Although many see the Nokia Here mapping business as the firm’s secret weapon, its sales were flat in Q2, as were revenues from its Technologies unit, which handles R&D and licensing. Net sales for Here were $312.56m, though the company sold map data licences for the embedded navigation systems of 3.3 million new vehicles globally, compared to 2.7 million vehicles a year earlier. Nokia Technologies' net sales were $198.05m, up 1 per cent year-on-year as Microsoft became a more significant patent licensee thanks to the devices deal.

One of the features of the quarter was Nokia’s decision to bolster Networks by making small acquisitions of strategic or cutting edge technologies, rather than spending the Microsoft windfall on a major deal such as buying ALU (as some analyst continue to predict).
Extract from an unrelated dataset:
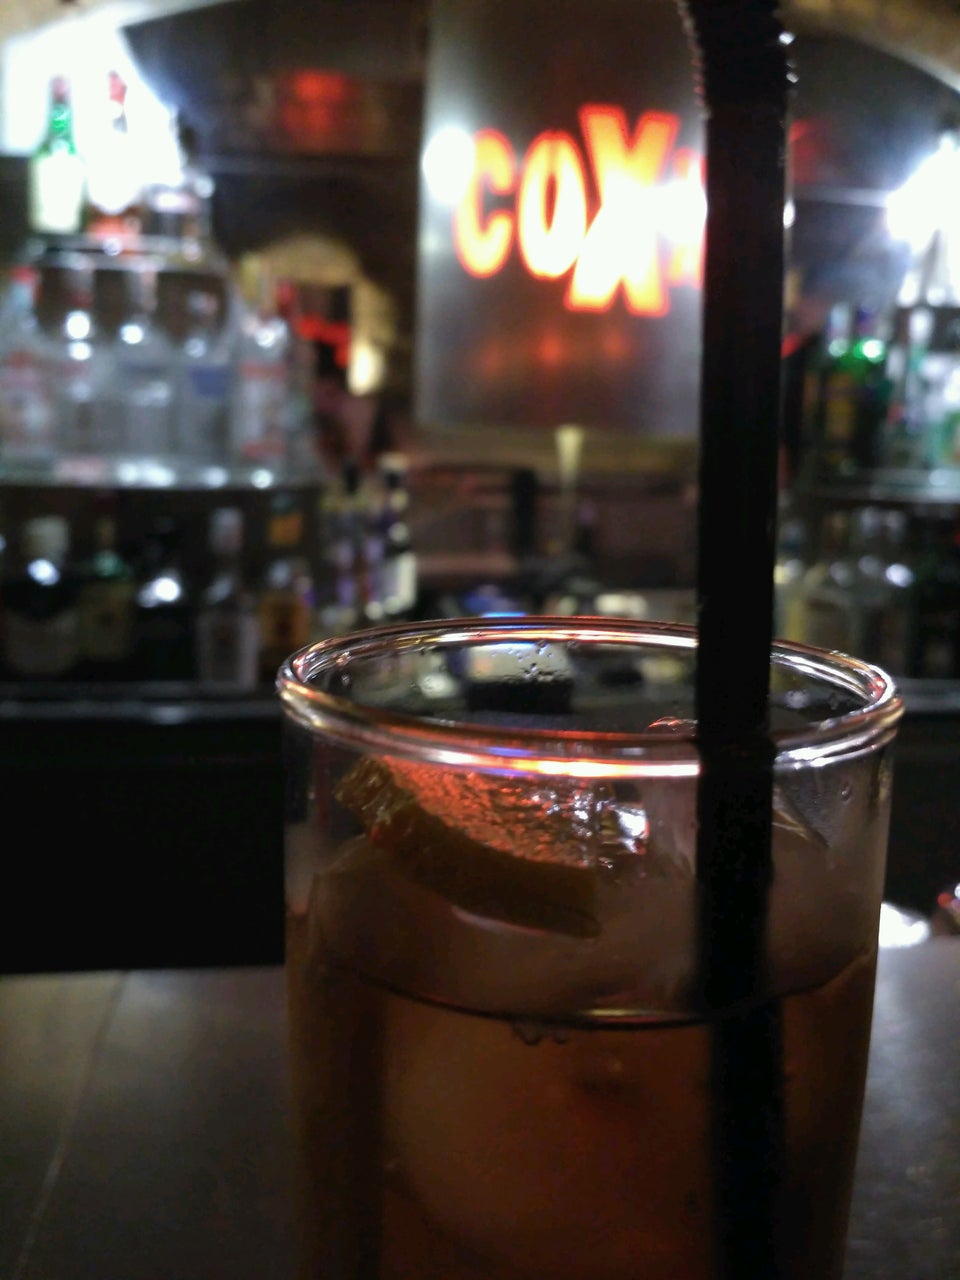 Photo of CoXx Men's Bar

It bought five companies in Q2, focused mainly on small cells and network intelligence, and it has just added a new purchase for the current Q3, of Panasonic’s mobile base station business. The Japanese firm is not a major player and is likely to get “several billion yen” for its asset, according to Japanese reports, but it does provide wireless control systems to NTT Docomo, in particular. Nokia will likely be after improved Japanese prospects, and also some of the advanced technology or IPR Panasonic may own as a result of many years of R&D collaboration with the giant cellco.